I think this is probably enough to get us going, though. Right after explaining how Peter gives a heart-rending sermon that wins some 3,000 converts, Acts 2: 42-47 says:
42 They devoted themselves to the apostles’ teaching and to fellowship, to the breaking of bread and to prayer. 43 Everyone was filled with awe at the many wonders and signs performed by the apostles. 44 All the believers were together and had everything in common. 45 They sold property and possessions to give to anyone who had need. 46 Every day they continued to meet together in the temple courts. They broke bread in their homes and ate together with glad and sincere hearts, 47 praising God and enjoying the favor of all the people. And the Lord added to their number daily those who were being saved. [Bold added.]
So it’s obvious why many people would think that true Christianity goes hand in hand with socialism. Now there have been many erudite essays and sermons from top-flight theologians on this topic. I am therefore going to focus on this as a free-market economist and libertarian theorist who is also a born-again Christian, since that’s where my comparative advantage lies.
==> As I explain in greater detail in this lecture, it is undeniably true that the message of the gospel is for you to trust in Christ, not in material goods. However, the Bible does not teach that riches per se are a mark of a bad person.
==> There is nothing anti-libertarian about living in a commune, so long as everything is voluntary. You can’t at all take this example and conclude that State-sponsored redistribution is Christian, anymore than forcing people to confess Jesus as Lord under penalty of torture is Christian.
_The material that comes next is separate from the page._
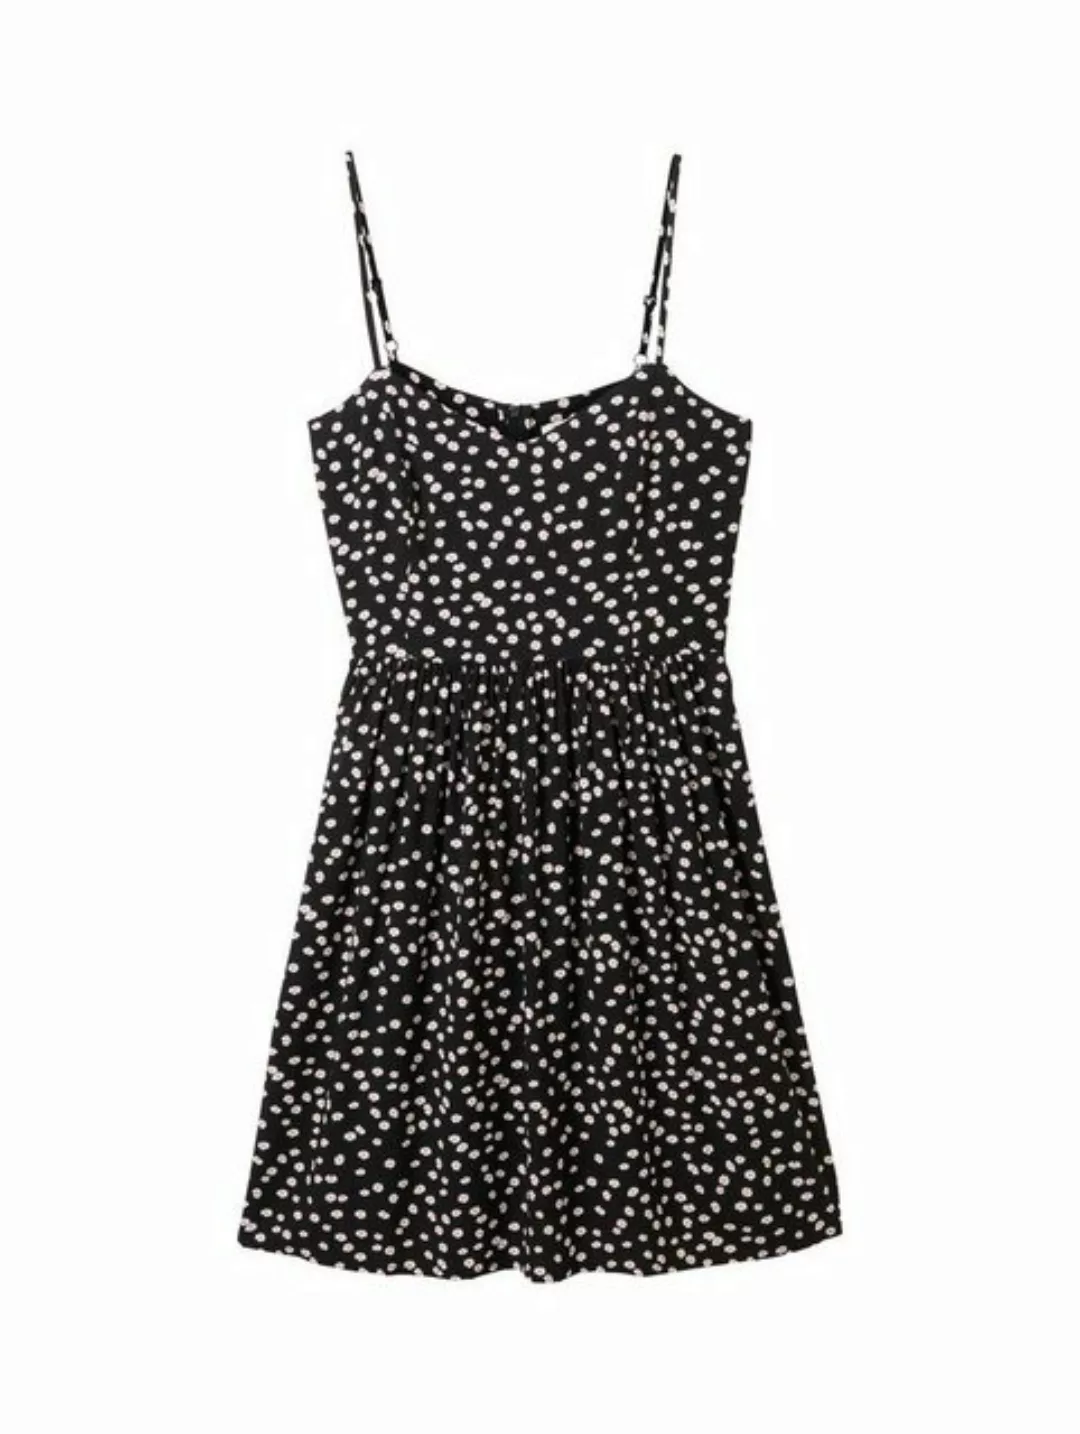 TOM TAILOR Denim Sommerkleid printed strap mini dress, black flower minimal günstig online kaufen

==> The obvious retort to the above is this story, but even here the two people involved deceived the community of believers. The apostles didn’t go out to non-Christians and kill them for not donating their property. Furthermore, strictly speaking Peter didn’t kill them, either God did and/or their consciences killed them. So even if you want to be really hardcore about this harder story, you see it doesn’t violate libertarian ethics (since God owns everything if the Bible is true).
==> Now you might say, “OK Murphy there’s nothing inherently unlibertarian about this example of the early Church, but surely it ignores economic principles. What about the calculation problem?” Yet hold on a second. What did it say the early Christians did? They sold their property for money and then used the proceeds to buy necessities for their group. So that’s not eschewing markets, that’s taking advantage of them. (In contrast, when the children of Israel would occasionally have a wave of reform, they would destroy their idols–they didn’t sell them to their neighboring pagans.)
==> I think that if more of the world actually followed the Sermon on the Mount (or the 10 Commandments for that matter), then one offshoot would be an unbelievable increase in human productivity. For an analogy, it’s not “ignorant of the work of Mises” to think that restaurants in a libertarian society would give out tap water and bread for free. So by the same token, I imagine a world where people really did a much better job of living up to Christian ideals would be so inconceivably wealthy by our standards that it would look to socialists like their utopia–even though there would be no systematic violations of property rights.